Content starts
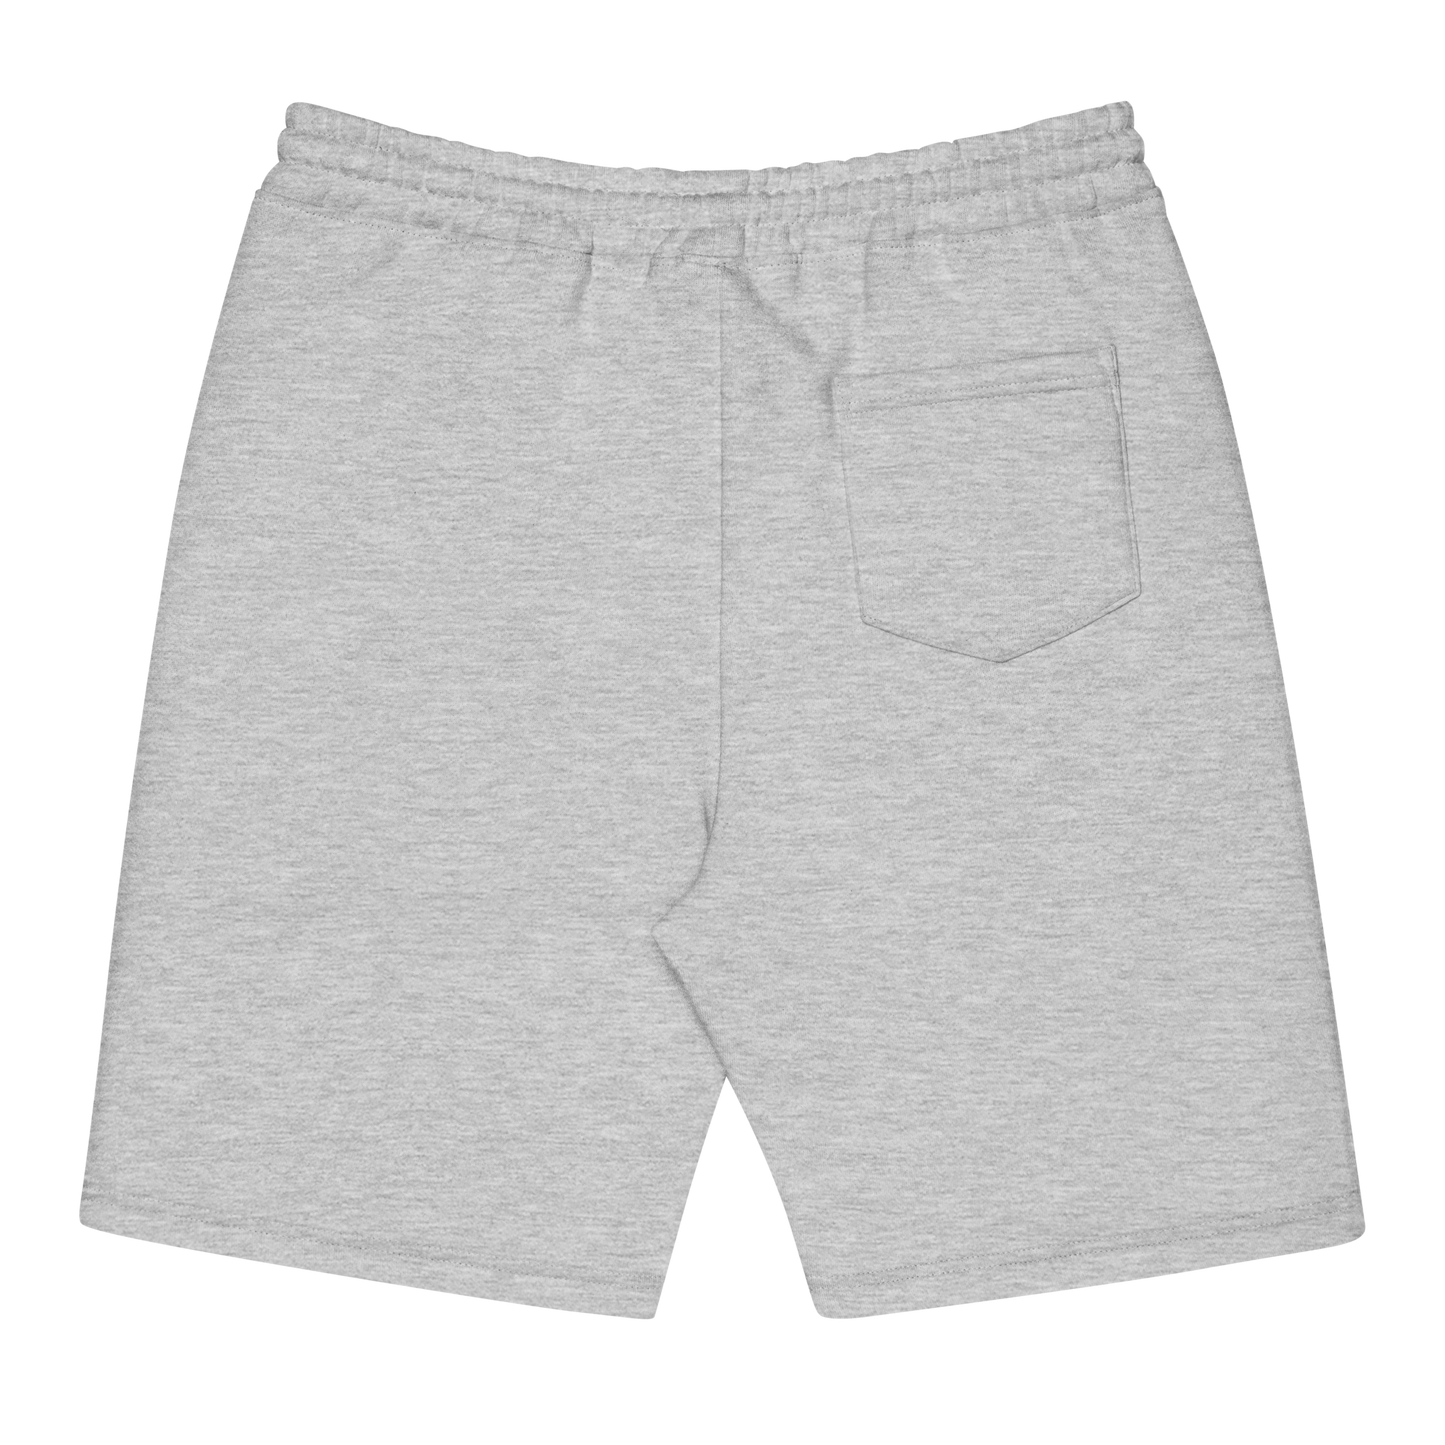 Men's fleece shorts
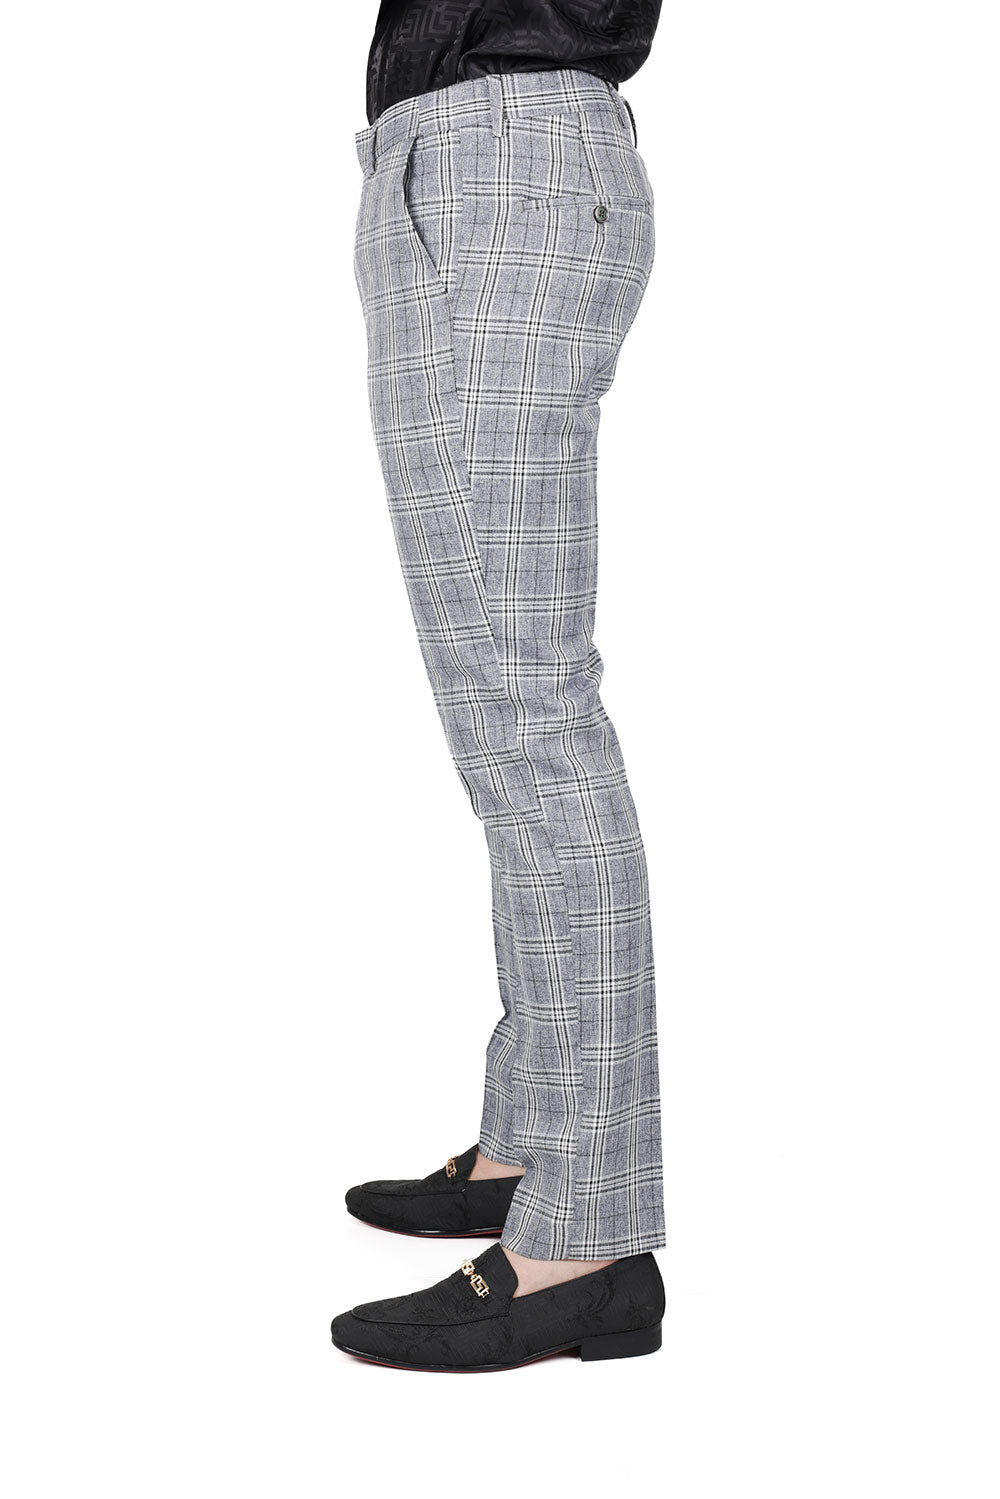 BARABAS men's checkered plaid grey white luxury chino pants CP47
Content ends
Content starts
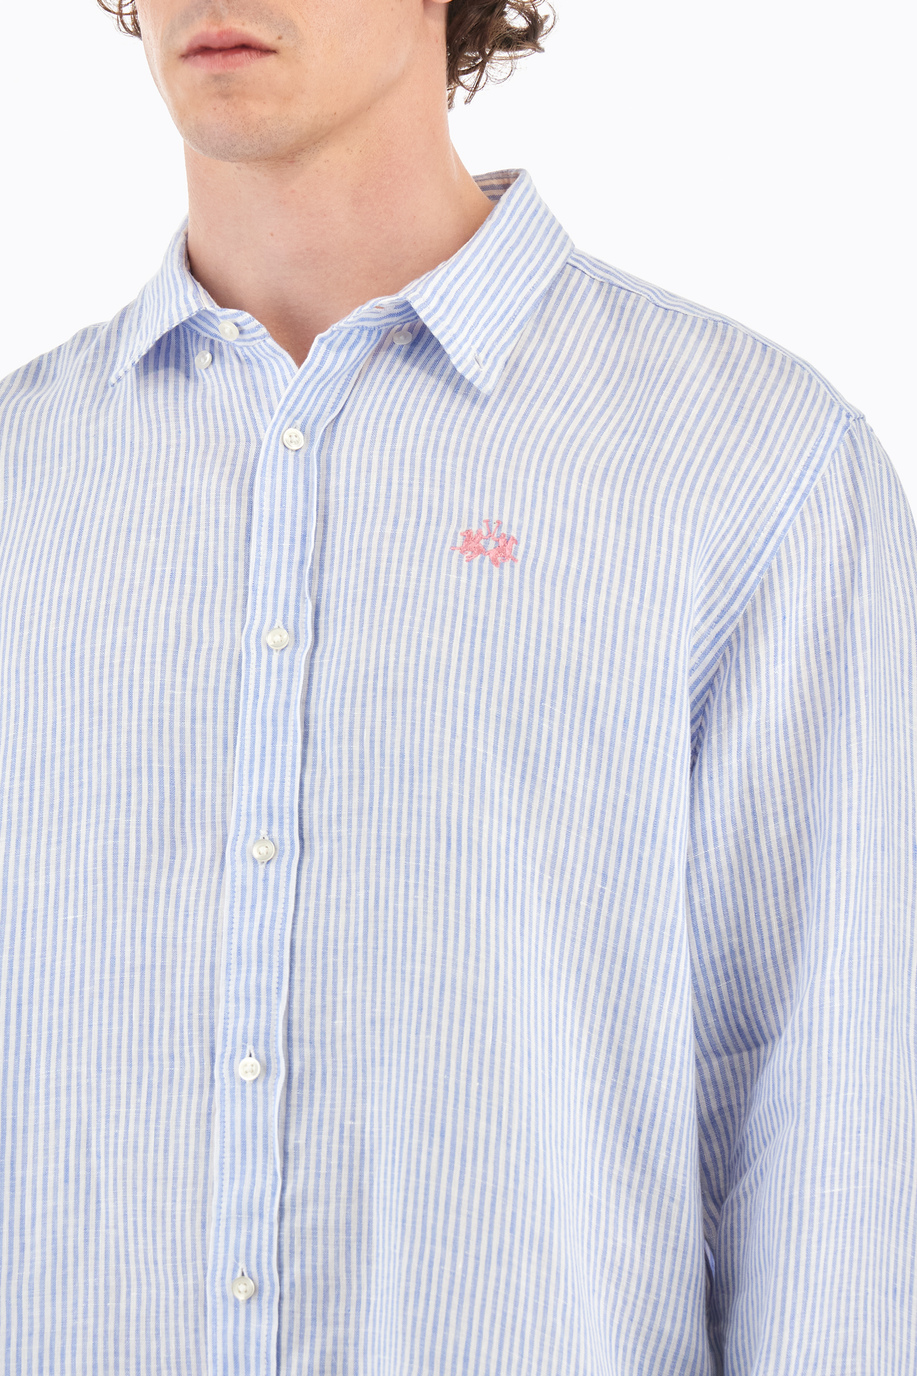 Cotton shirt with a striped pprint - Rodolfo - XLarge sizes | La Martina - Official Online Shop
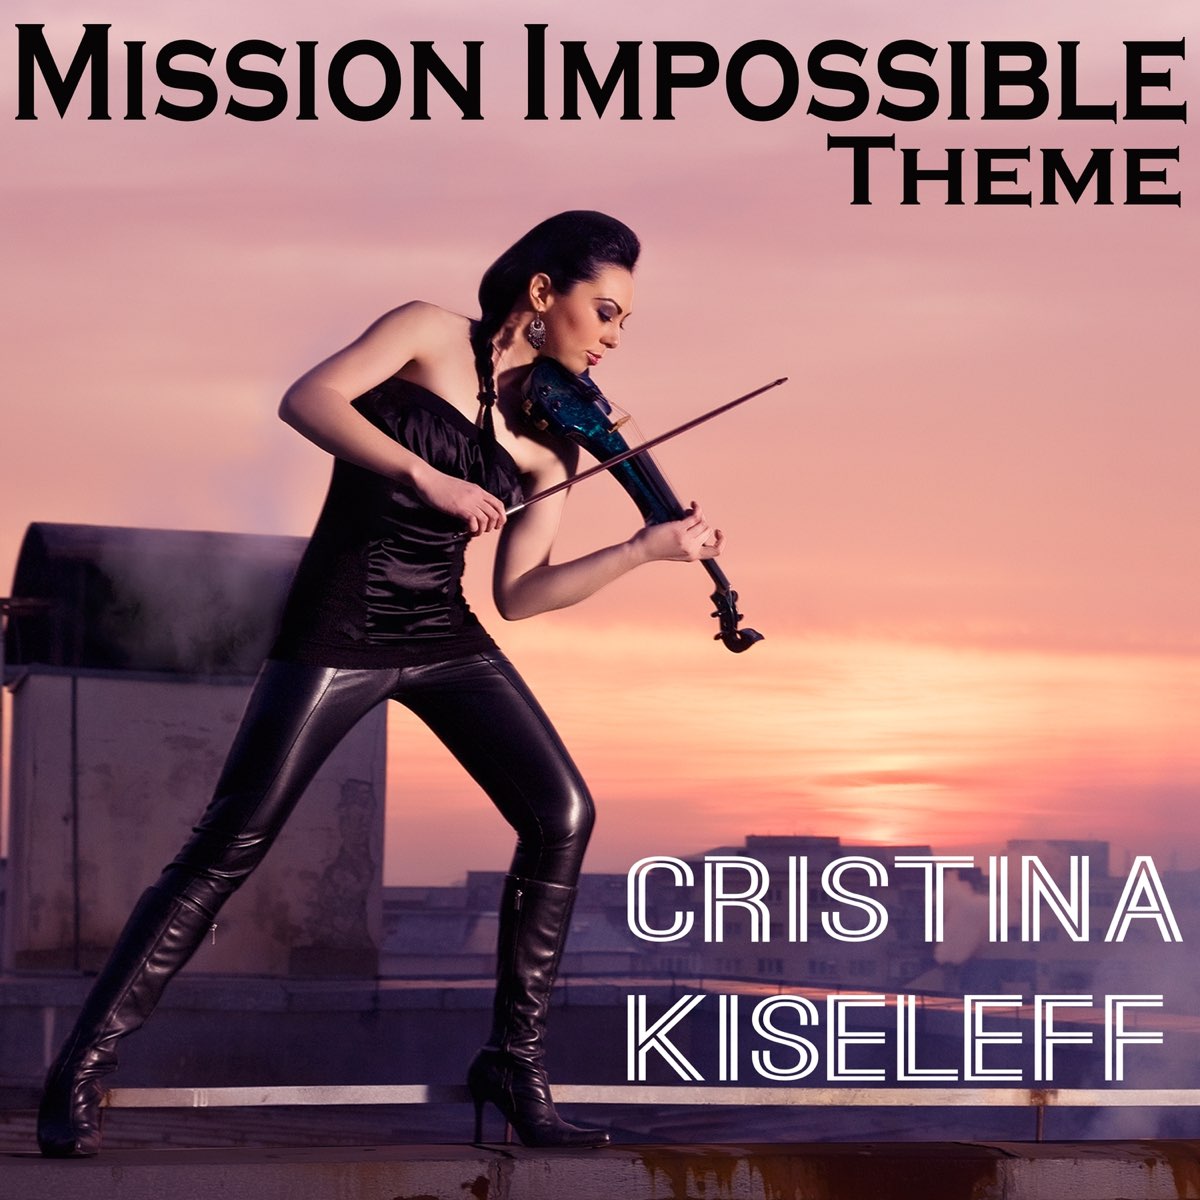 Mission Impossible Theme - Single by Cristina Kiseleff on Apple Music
Content ends
Task to complete >>
Keep to the stretch from the line containing "Men's fleece shorts" through the line containing "BARABAS men's checkered", both ends included, and copy it exactly from the listing above, minus the pictures.

Result for this task >>
 Men's fleece shorts
 BARABAS men's checkered plaid grey white luxury chino pants CP47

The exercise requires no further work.